There are numerous examples of problems in symbolic algebra in which the required storage 
grows far beyond the limitations even of the distributed RAM of a cluster. Often this limitation 
determines how large a problem one can solve in practice. Roomy provides a minimally invasive 
system to modify the code for such a computation, in order to use the local disks of a cluster 
or a SAN as a transparent extension of RAM. 

Roomy is implemented as a C/C++ library. It provides some simple data structures (arrays, 
unordered lists, and hash tables). Some typical programming constructs that one might employ 
in Roomy are: map, reduce, duplicate elimination, chain reduction, pair reduction, and breadth- 
first search. All aspects of parallelism and remote I/O are hidden within the Roomy library. 

1 Introduction 

This paper provides a brief introduction to Roomy [1], a new programming model and open source 
library for parallel disk-based computation. The primary purpose of Roomy is to solve space limited 
problems without significantly increasing hardware costs or radically altering existing algorithms 
and data structures. 

Roomy uses disks as the main working memory of a computation, instead of RAM. These disks 
can be disks attached to a single shared- memory system, a storage area network (SAN), or the 
locally attached disks of a compute cluster. Particularly in the case of using the local disks of 
a cluster, disks are often underutilized and can provide several order of magnitude more working 
memory than RAM for essentially no extra cost. 

There are two fundamental challenges in using disk-based storage as main memory: 

Bandwidth: roughly, the bandwidth of a single disk is 50 times less than that of a single 
RAM subsystem (100 MB/s versus 5 GB/s). The solution is to use many disks in parallel, 
achieving an aggregate bandwidth comparable to RAM. 

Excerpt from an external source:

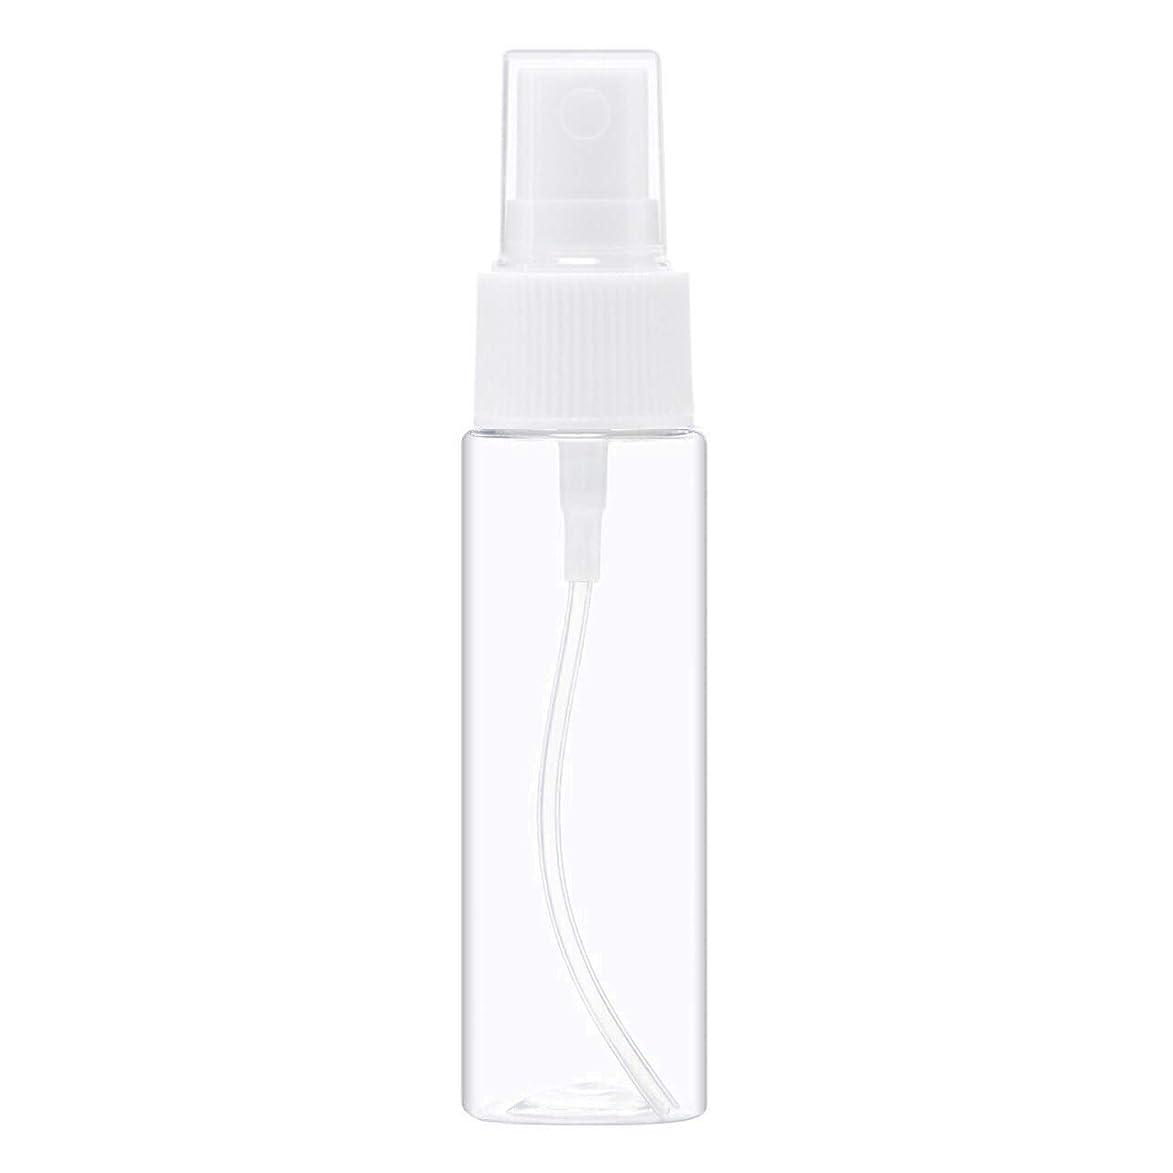 花瓶直感継続中スプレーボトル 30ml 透明 空容器 100本 セット

Latency: even worse than bandwidth, the latency of disk is many orders of magnitude worse 
than RAM. The solution is to avoid latency penalties by using streaming data access, instead 
of costly random access. 

Roomy hides from the programmer both the complexity inherent in parallelism and the tech- 
niques needed to convert random access patterns into streaming access patterns. In doing so, the 
programming model presented to the user closely resembles that of traditional RAM-based serial 
computation.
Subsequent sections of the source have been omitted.